Many of us have used first-generation androgen receptor signaling inhibitors/antiandrogens for many years. However, in the setting of metastatic CRPC (mCRPC), these agents as monotherapies have not demonstrated a survival benefit compared with all of the newer therapies approved by the FDA since 2010. Despite this fact, the number of patients who get started on antiandrogens as first-line therapy remains high. Much of this revolves around the misguided notion that drops in PSA, usually very short-lived with these agents in the patient with CRPC, will result in better outcomes. This is far from the truth. Two FDA-approved agents for mCRPC, sipuleucel-T (Provenge) and radium-223 (Xofigo), have significant survival benefit but do not always result in a diminution of PSA.2,3
Sadly, many providers have refused to utilize these therapies due to this lack of PSA response. Again, there is a refusal to give up previously held beliefs.
Recently, 2 trials have been presented that utilize an intermediate endpoint, metastasis-free survival, to evaluate the efficacy of these newer agents in patients with nonmetastatic CRPC.4,5
Knowing that PSA was not a good surrogate marker to predict overall survival (OS) in CRPC and that OS has been the gold standard for mCRPC trials, this represents a significant step forward by the FDA in trial design, given the number of potential targeted therapies that are currently being investigated. Hopefully, this breakthrough will allow more oncolytics to enter the market faster as we gain an understanding of resistance mechanisms.
These scenarios highlight the need for clinicians to rethink and challenge their traditional ways of practice and educational needs. In particular, it is imperative that we gain a better understanding of the molecular drivers that result in progression of disease. We will continue to have a cascade of discovery and new information from the many scientists working in this field. To better serve our patients and avoid clinging to tradition, we, as clinical scientists, need to continue to evolve our thinking and approach to patient care.
- Yu EY, Miller K, Nelson J, et al. Detection of previously unidentified metastatic disease as a leading cause of screening failure in a phase III trial of zibotentan versus placebo in patients with nonmetastatic, castration resistant prostate cancer. J Urol. 2012;188(1):103-109. doi: 10.1016/j.juro.2012.03.008.
- Kantoff PW, Higano CS, Shore ND, et al; IMPACT Study Investigators. Sipuleucel-T immunotherapy for castration-resistant prostate cancer. N Engl J Med. 2010;363(5):411- 422. doi: 10.1056/NEJMoa1001294.
- Sartor O, Coleman R, Nilsson S, et al.
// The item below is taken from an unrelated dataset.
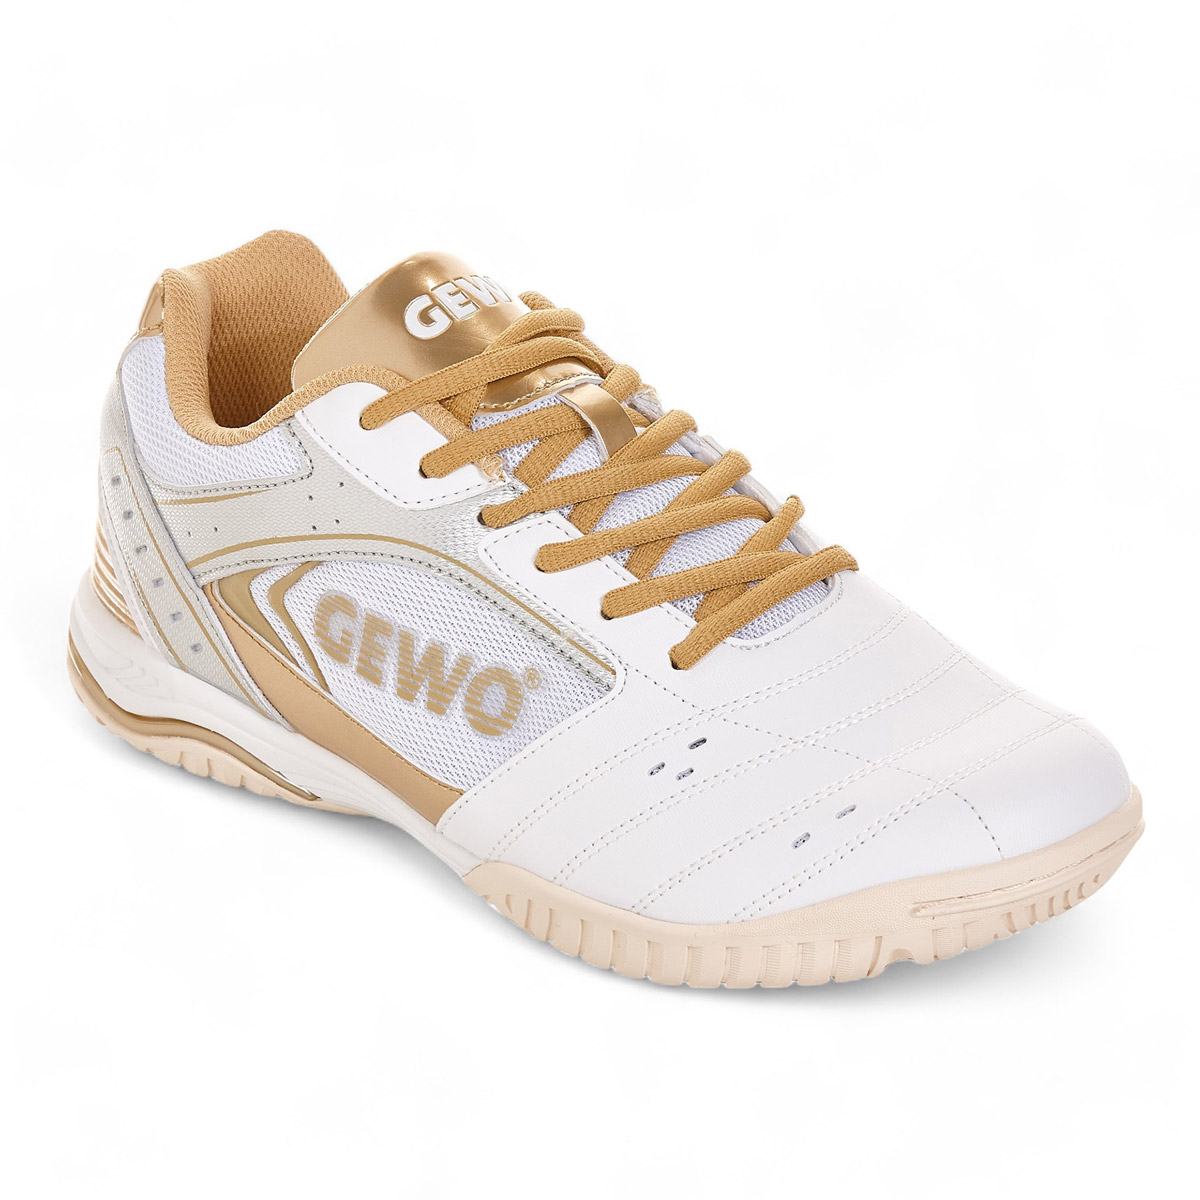 GEWO Shoe Gold Flex white/gold 39

Effect of radium-223 dichloride on symptomatic skeletal events in patients with castration-resistant prostate cancer and bone metastases: results from a phase 3, double-blind, randomised trial. Lancet Oncol. 2014;15(7):736-746. doi: 10.1016/S1470-2045(14)70183-4.
- Hussain M, Fizazi K, Saad F, et al. PROSPER: a phase 3, randomized, double-blind, placebo (PBO)-controlled study of enzalutamide (ENZA) in men with nonmetastatic castration-resistant prostate cancer (M0 CRPC). J Clin Oncol. 2018;36(suppl 6S; abstr 3). ascopubs.org/doi/abs/10.1200/JCO.2018.36.6_suppl.3.
- Smith MR, Saad F, Chowdhury S, Oudard S, et al; SPARTAN Investigators. Apalutamide treatment and metastasis-free survival in prostate cancer. N Engl J Med. 2018;378(15):1408-1418. doi: 10.1056/NEJMoa1715546.